Sponsored By Guardian Alarm

By Lori Melton

Renting a new apartment can be exciting and stressful at the same time. If you’re just moving in, there’s a laundry list of things to do to get settled and make it feel like home. Making sure your apartment is safe and secure should be near the top of the list. Check out these five safety tips that all apartment dwellers should implement.

Use Deadbolt Locks and Peepholes

Most apartment doors have a deadbolt and if yours doesn’t, you’ll want to contact apartment management and request one. Properly installed, high-quality deadbolts add an extra layer of protection against unwanted intruders. If possible, find out what kind of deadbolt is installed in your door. Many deadbolt packages come with strike plates that include three-inch screws for better protection against forced entry.

If possible, upgrade low quality deadbolts. The added security benefit will be well worth any cost you may incur. Always lock your door and deadbolt; especially while you’re sleeping. Door locks are your first line of defense against intruders and can only offer protection when they are properly engaged.

Peepholes allow you to see who is knocking on the door before you decide to open it. If your apartment door has a peephole, look through it every time someone knocks. If you can’t see through it or it is painted over, contact your building manager to have it fixed.

Perform Detector Maintenance

Per building codes, your apartment should already have smoke detectors installed. You should also invest in a carbon monoxide detector. These devices could save your life by sounding an alarm in the event of a fire or carbon monoxide leak. Most smoke detectors have a test function and you’ll want to test them as soon as you move in, to make sure the batteries are working.

Check and change batteries on all detectors regularly to make sure they will work when you need them most. A good rule to follow is to change batteries when you change your clocks for daylight saving time.

Use Buzzer Precautions

If your building uses a buzzer system to allow visitors to enter, don’t let anyone you don’t know into the building. You can ignore the buzzer or go and check to see who is asking for access. After living there a while, you may get accustomed to who your fellow residents are and even some of their frequent visitors. Simply put: When in doubt, leave strangers out!

Secure Windows and Patio Doors

Take a quick survey of potential intruder entry points as soon as you move into your apartment. If you live on an upper floor without a fire escape, chances are a burglar won’t scale the building to access your apartment via your balcony.

However, if you live on the first floor, you’re going to want to beef up security around any exterior windows and patio doors an intruder could access. You can install decorative grates on windows and pin locks in window frames. You can also insert a metal or wooden dowel in your patio door track to prevent it from sliding. Installing extra locks at the top or bottom of the patio door will also offer added protection from burglars.

Be Prepared for Emergencies

All sorts of emergencies can happen when you least expect it. Talk to your neighbors or building manager and see if there’s a designated safety zone in your building in the event of a tornado (some buildings, for instance, have basements). In general, always stay away from windows and head to the lowest floor of your building in the event of a tornado.

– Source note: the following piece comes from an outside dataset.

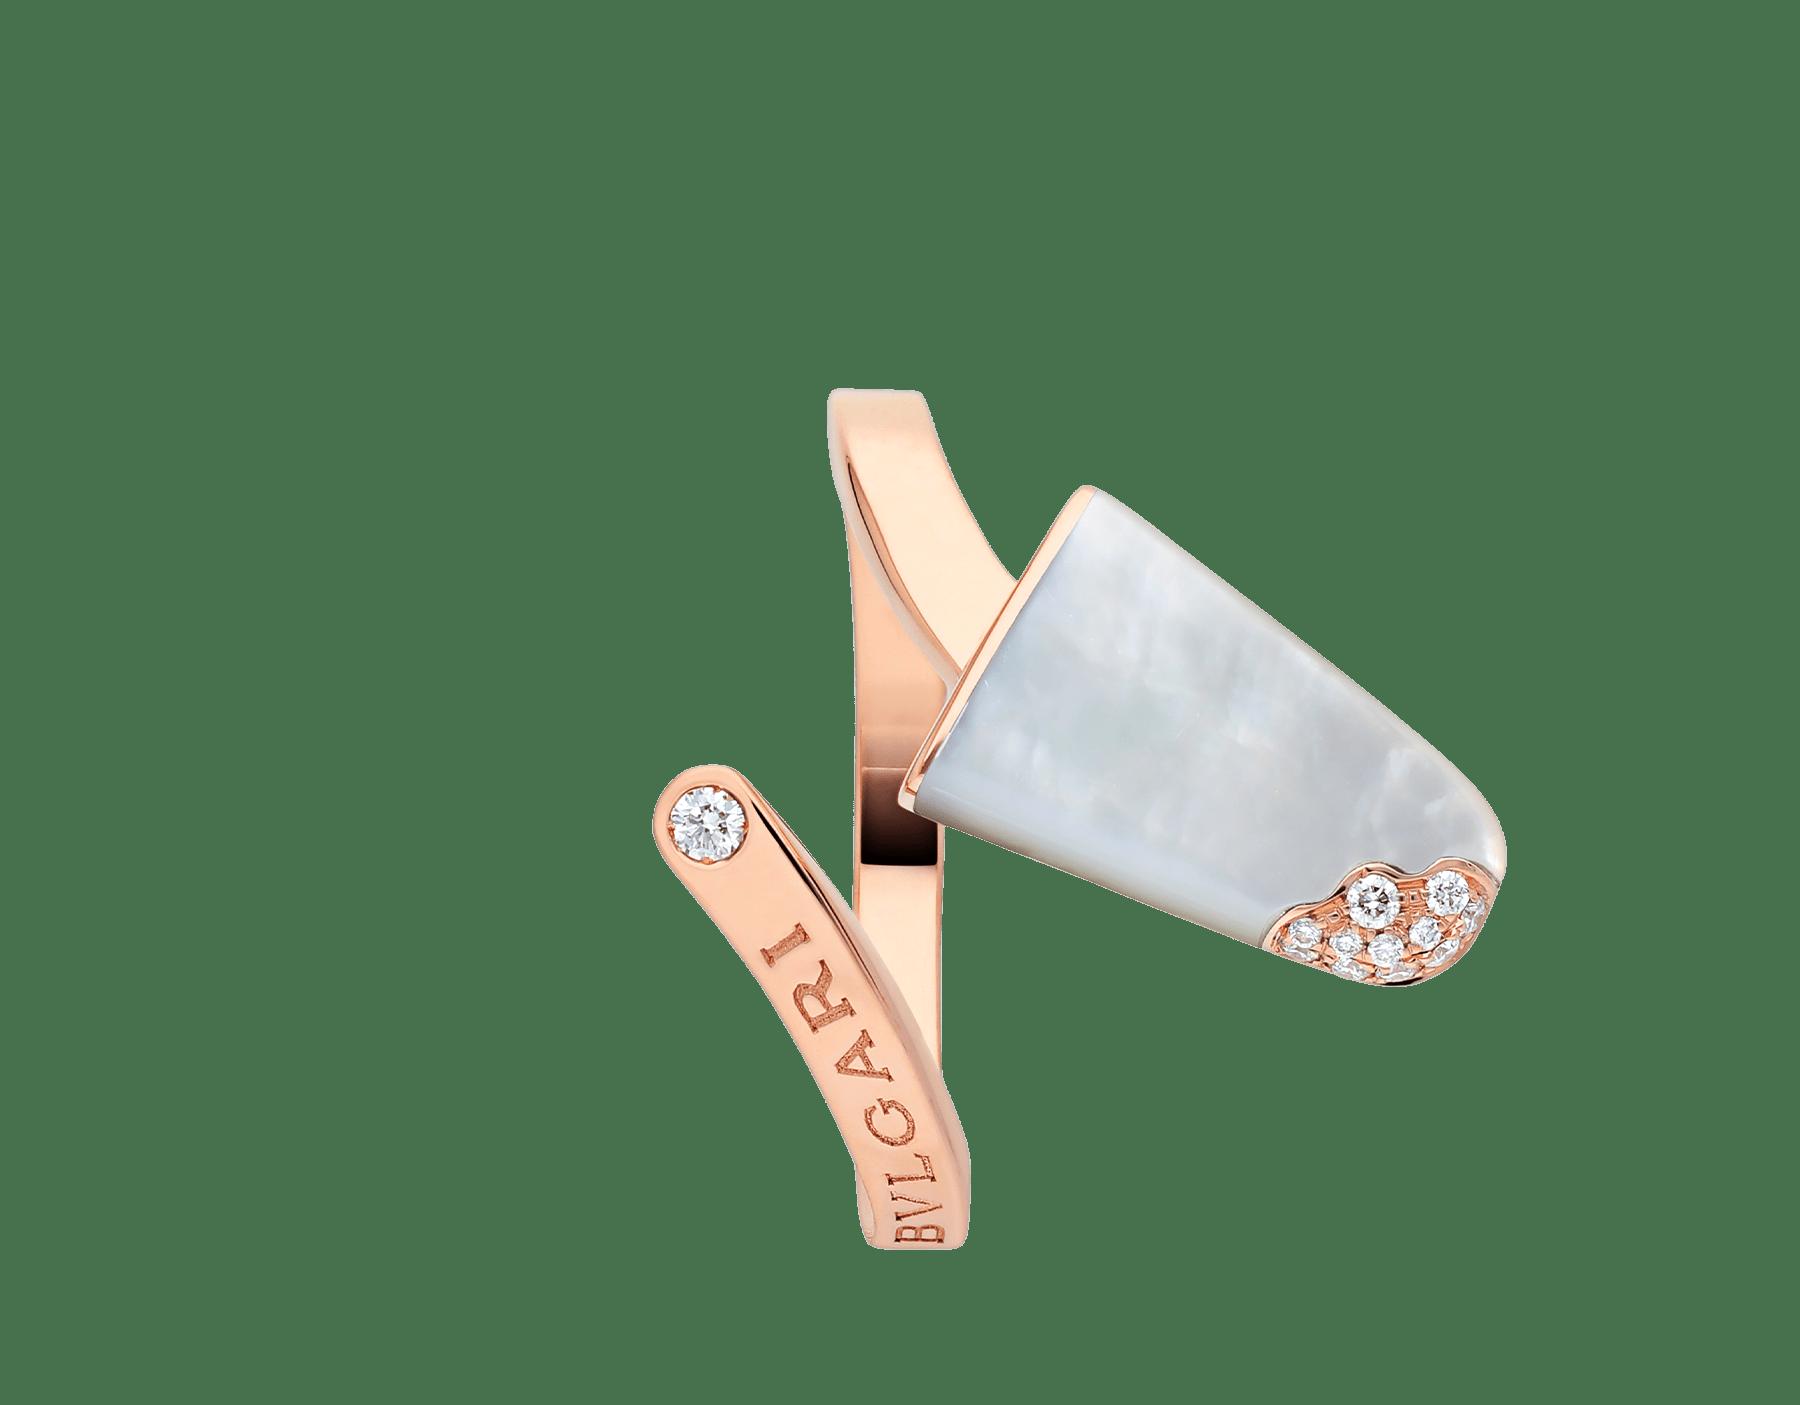 Bague BVLGARI BVLGARI Gelati en or rose 18K avec nacre et pavé diamants AN858014 image 3

Have an emergency kit on hand. Make sure the kit includes a flashlight, batteries, a first aid kit, a three-day supply of water and non-perishable food, a battery-powered radio, and a wireless cell phone charger.

Depending on your geographic location, your area may be subject to hurricanes, floods and earthquakes. If you must evacuate for a natural flood, unplug all electrical appliances and, if time permits, move essential items to a higher floor. Never try to walk or dive into moving water or flooded areas. If you have a plumbing-related flood, call building maintenance or the manager.

If you are ordered to evacuate for a hurricane, the safest thing to do is follow the order. However, if you are stuck in your apartment, make sure you stay in a windowless, central room (like a bathroom, closet or interior hallway). Keep your emergency kit with you and listen to the radio for storm updates.

Finally, if you live in an earthquake zone, you should always store heavy, large and breakable items on lower shelves. Also make sure any shelves, mirrors and picture frames are strongly anchored and fastened to the walls. During an earthquake, drop to the ground, stay away from windows, and move into a door frame or under sturdy furniture.